MERS is a privately held company that “registers” mortgages. Ordinarily, the mortgagee (lender) must record its interest in the mortgage in the county land records. Any subsequent transfers of the mortgagee’s interest (for example, in the securitization process) must also be recorded. MERS short circuits this multiple recording process. Instead, the lender includes language in the Deed of Trust or Mortgage describing MERS as “a separate corporation that is acting solely as a nominee for Lender and Lender’s successors and assigns. MERS is the mortgagee under this Security Instrument.” MERS is recorded as the mortgagee in the county land records. Although MERS does not lend money, service the mortgage, or receive any of the payment stream from the mortgage, it remains as “nominee” through all future transfers. As a result, any subsequent transfers of interest in the mortgage are recorded only in MERS electronic system -- not in the county land records. According to MERS, it “now registers more than half the mortgage loans originated in the United States.”

Increasingly, foreclosure actions are being brought in MERS name. Professor Peterson questions whether MERS as “nominee” has standing to bring foreclosure actions. A few courts have agreed with him, but other courts conclude MERS has standing. (See here for a summary.) Professor Peterson believes that the MERS system may have other legal deficiencies. He questions whether subsequent transfers of the mortgagee interests are properly perfected if they are only recorded in the MERS system and not the county records. He also believes it may be appropriate to treat MERS as a debt collector under the Fair Debt Collection Act. I look forward to reading Professor Peterson’s completed article.

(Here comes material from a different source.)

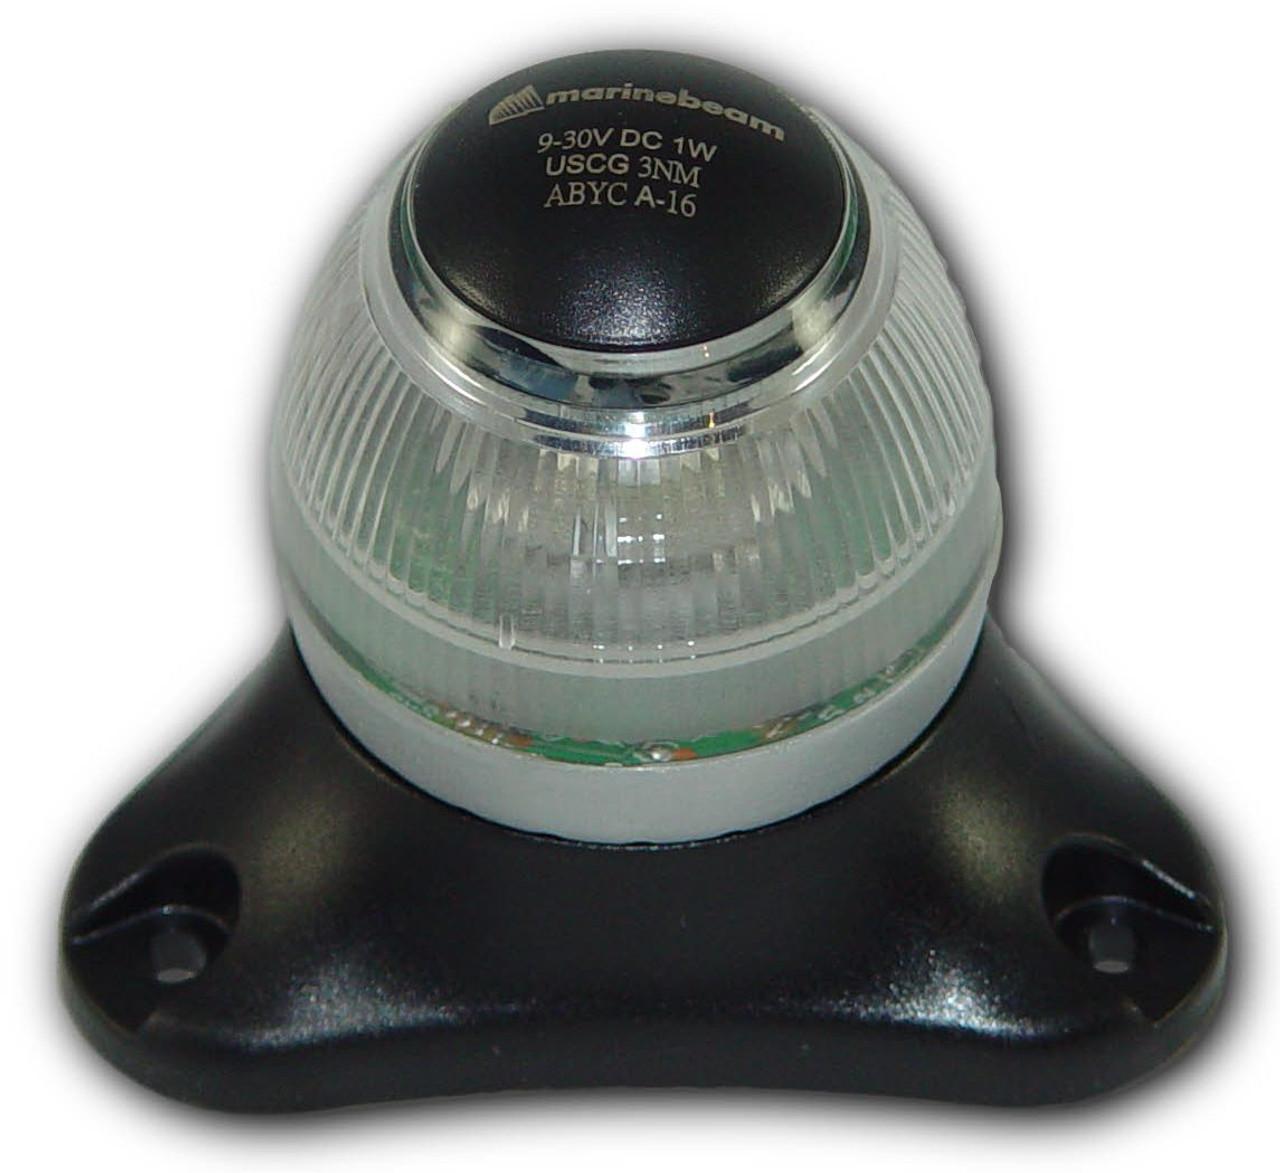 LED All-Around Anchor Light - Black Hsg

While I have not fully analyzed the legal implications of MERS’s business plan, it seems to me that MERS's innovation of electronically tracking mortgage interests was only a matter of time. It is cumbersome and costly to file and search in the paper land records in each county. States have already consolidated and digitized records for security interests in personal property. Of course, the personal property recording systems are still state government systems. In contrast, MERS is a nation-wide private company owned partly by some mortgage lenders. MERS will end up with a lot of bad publicity if a very large number of foreclosure actions are brought in its name, particularly if it appears that the MERS system was used to hide the ball from consumers.